Sächsisches Zirkus-Netzwerktreffen in Dreiskau-Muckern

Der Leipziger Zirkusverein Zirkomania veranstalten gemeinsam mit der Landesvereinigung Kulturelle Kinder- und Jugendbildung (LKJ) Sachsen e.V. die Fortbildung zum Thema Neuer Zirkus für ZirkuspädagogInnen, ArtistInnen und InteressiertInnen aus ganz Sachsen und Mitteldeutschland. Die Teilnehmenden können vom 27.-29. September durch spartenübergreifende Experimente aus dem Bereich Neuer Zirkus neue Möglichkeiten an Ausdrucksmitteln ausprobieren und erkunden.

Workshops mit Ana Jordão (Tanz) und Matthias Romir (Jonglage).

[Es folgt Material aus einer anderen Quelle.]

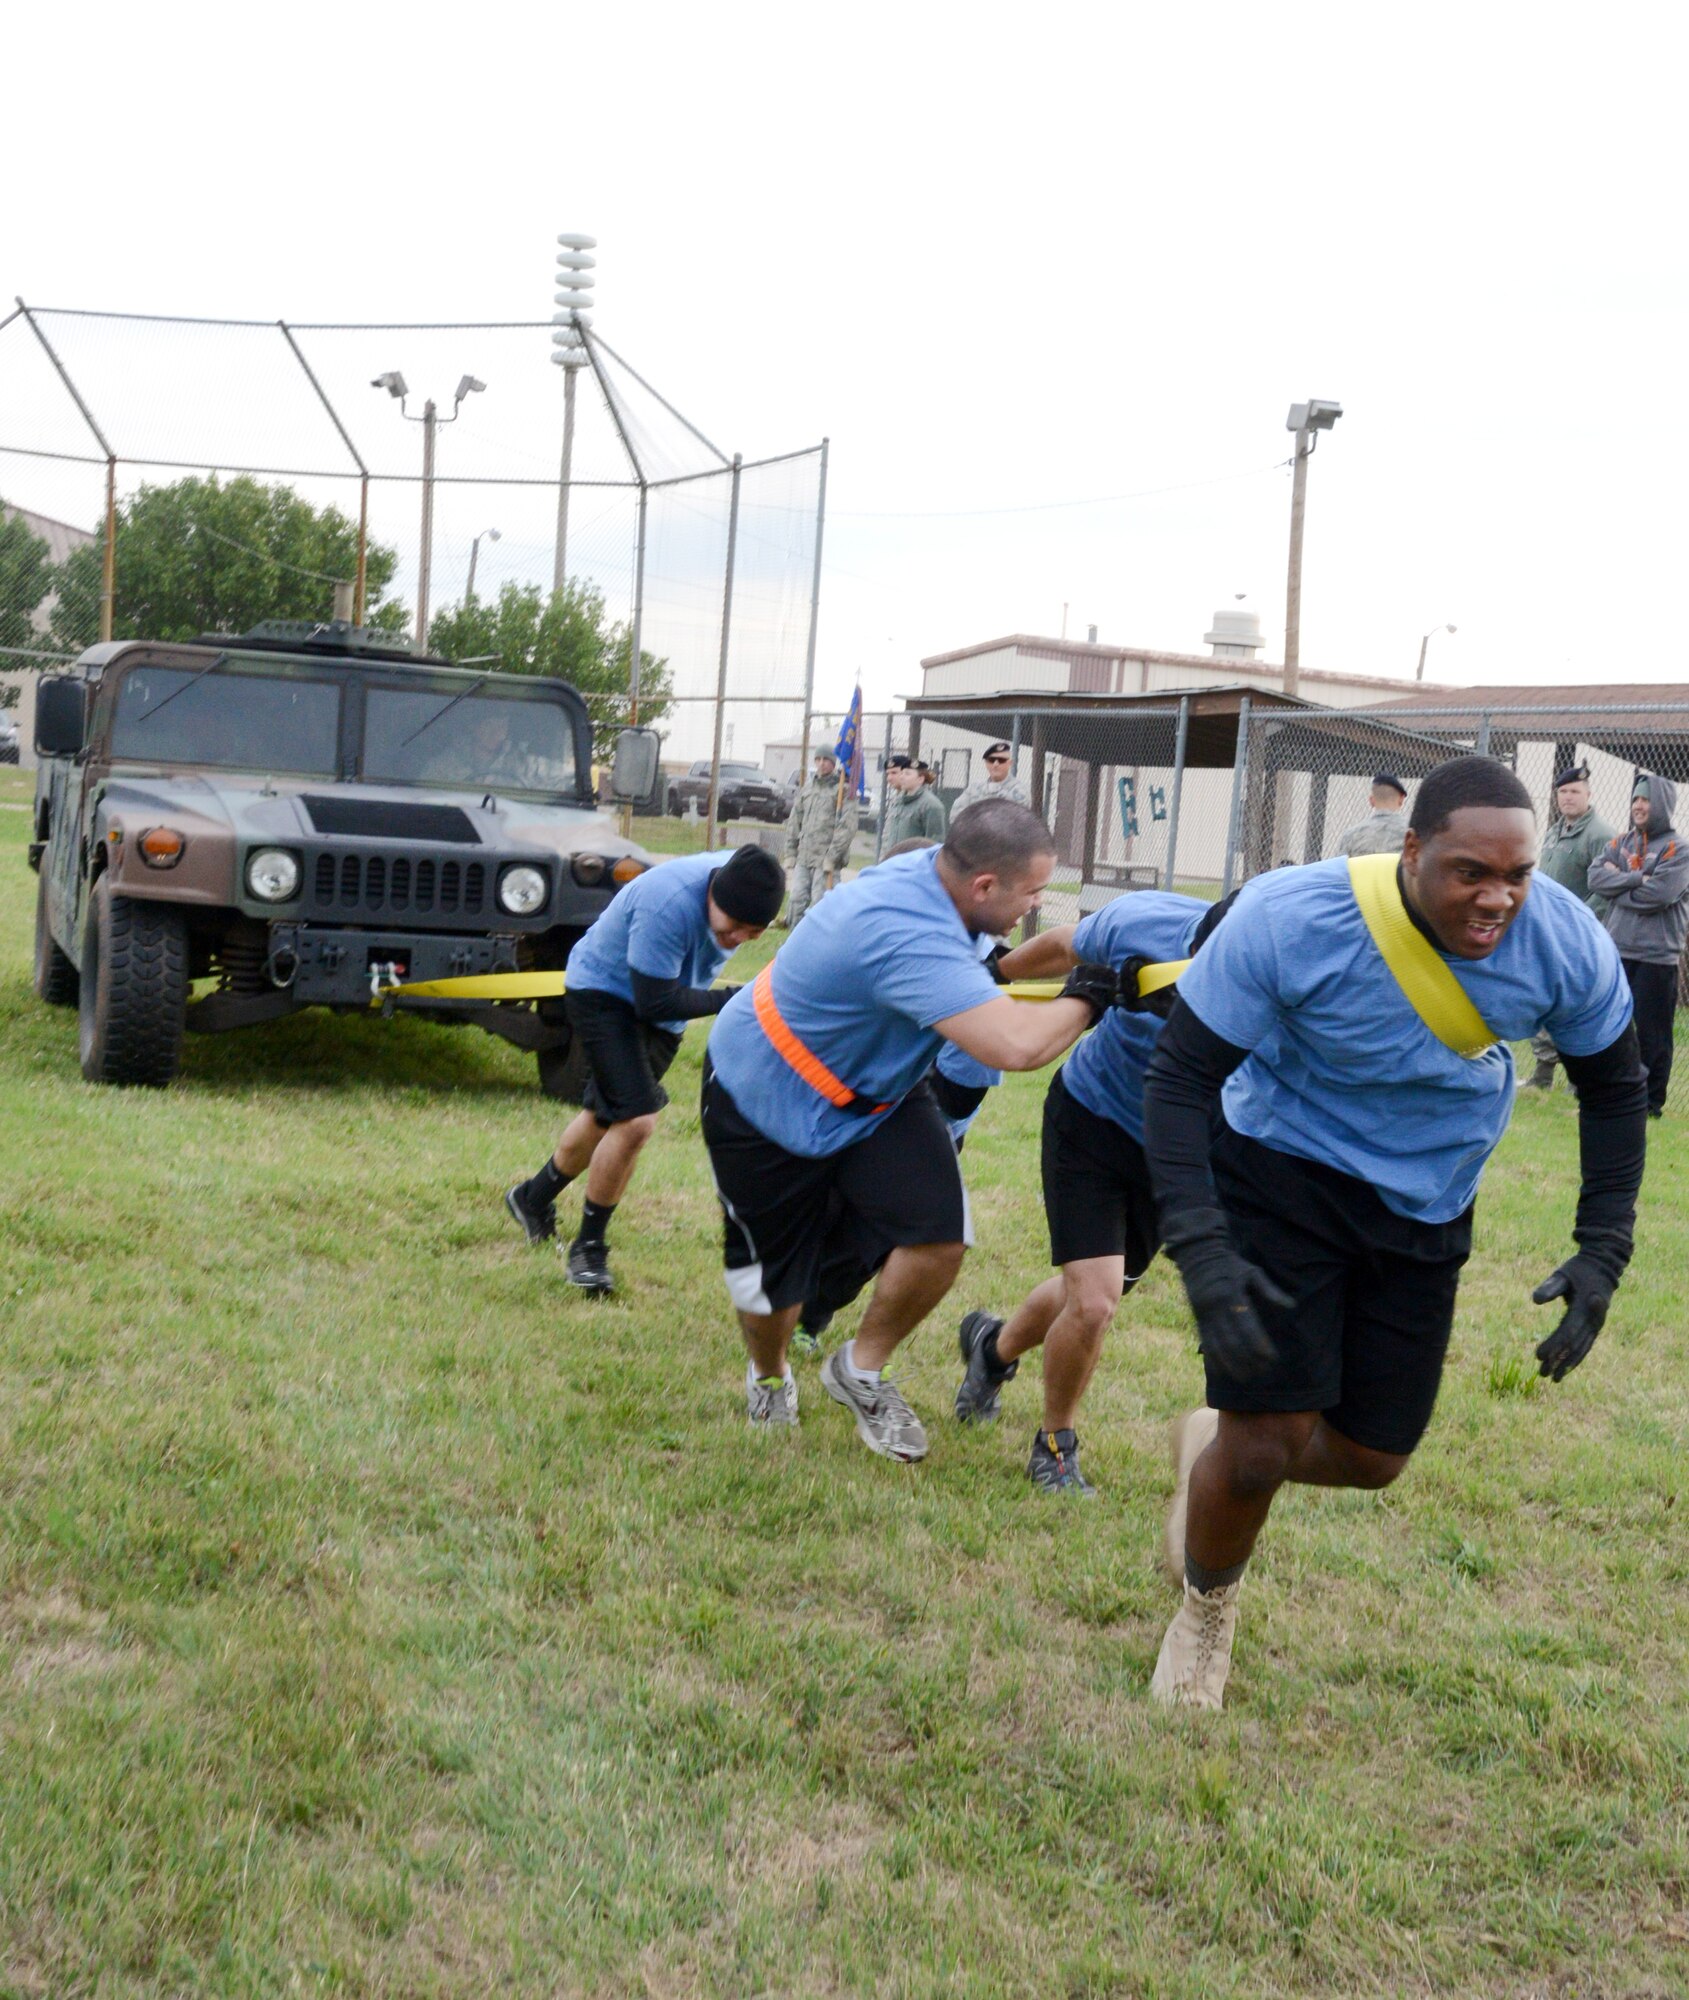 During last week's Police Week Games, several teams competed in a series of events focusing on strength and agility such as a tire flip, a push-up obstacle course, a Humvee pull, an ammo can dash and a water balloon sling. During the Humvee pull, team members had to physically pull a Humvee several yards, trying to finish with a faster time than the other teams. (Air Force photo by Kelly White)
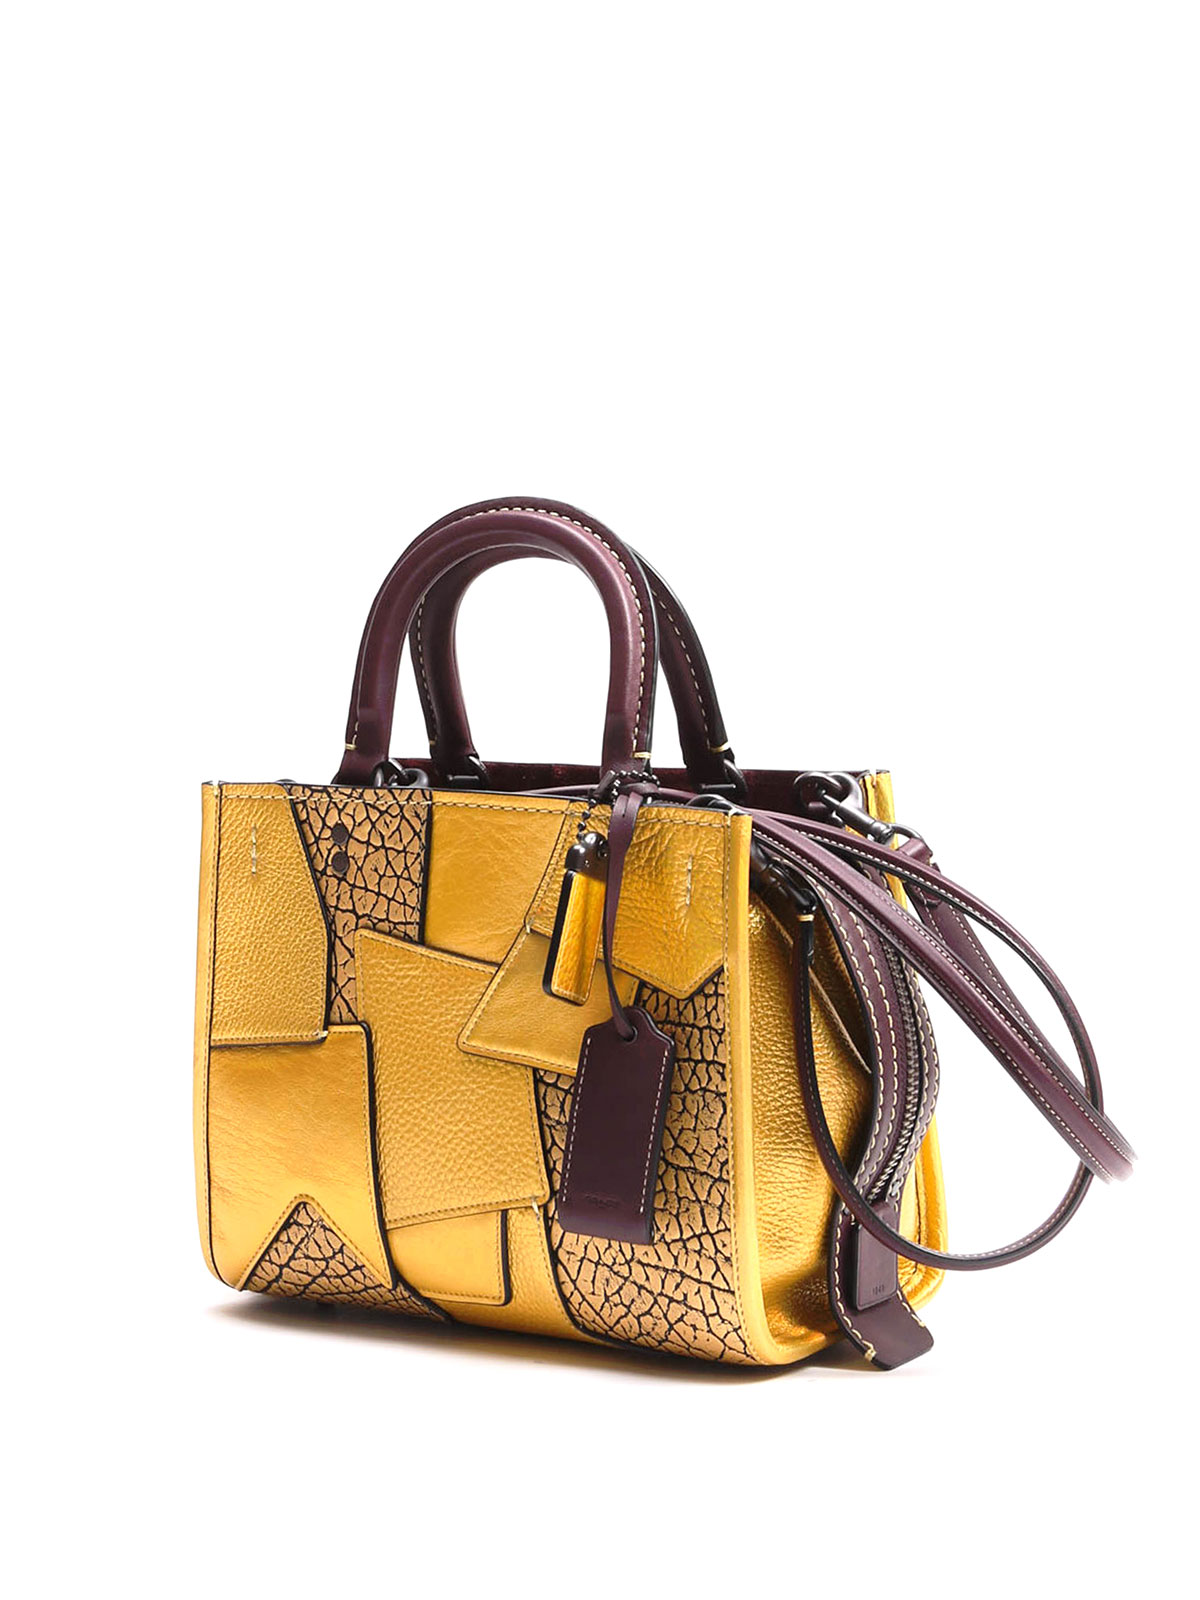 Cross body bags Coach - Rogue patchwork leather bag - 54539 | iKRIX.com

Der Neue Zirkus – eine Kunstform

Der Neue Zirkus (oder auch Zeitgenössische Zirkus) versteht sich als künstlerische Bühnenform. Es dominieren hier theatrale Formate, denen ein dramaturgisches und ästhetisches Gesamtkonzept zu Grunde liegt. Die Zirkustechniken werden zum Ausdrucksmittel von Performern, deren Persönlichkeit, Biographie und Körperlichkeit einen großen Einfluss auf ihre Arbeit haben und auch haben sollen. „Ein kleiner, dicker Seiltänzer kann so für wesentlich mehr Furore sorgen als ein körperlich athletischer, der noch so überragendes vollbringt“ (Georg Daxner, Winterfest Salzburg). Es geht nicht mehr um die größte körperliche sondern um die größte künstlerische Leistung. Oft arbeitet der Zeitgenössische Zirkus an der Schnittstelle zu anderen Künsten, wie Schauspiel, Tanz, Musik, bildende Kunst, neuen Medien etc. Die Vermischung der Genres, das Überspringen der Grenzen ist dabei für viele Künstler eine selbstverständliche Möglichkeit, andere durch ihr Tun zu inspirieren und sich selbst inspirieren zu lassen.

Am Samstagabend, den 28. September wird Lotte Müller, als Städtevertreterin des BUZZ Leipzig, das Netzwerktreffen mit einem Input zum BUZZ (Bundesverband Zeitgenössischer Zirkus e.V.), ehemals Initiative Neuer Zirkus e.V.) einleiten.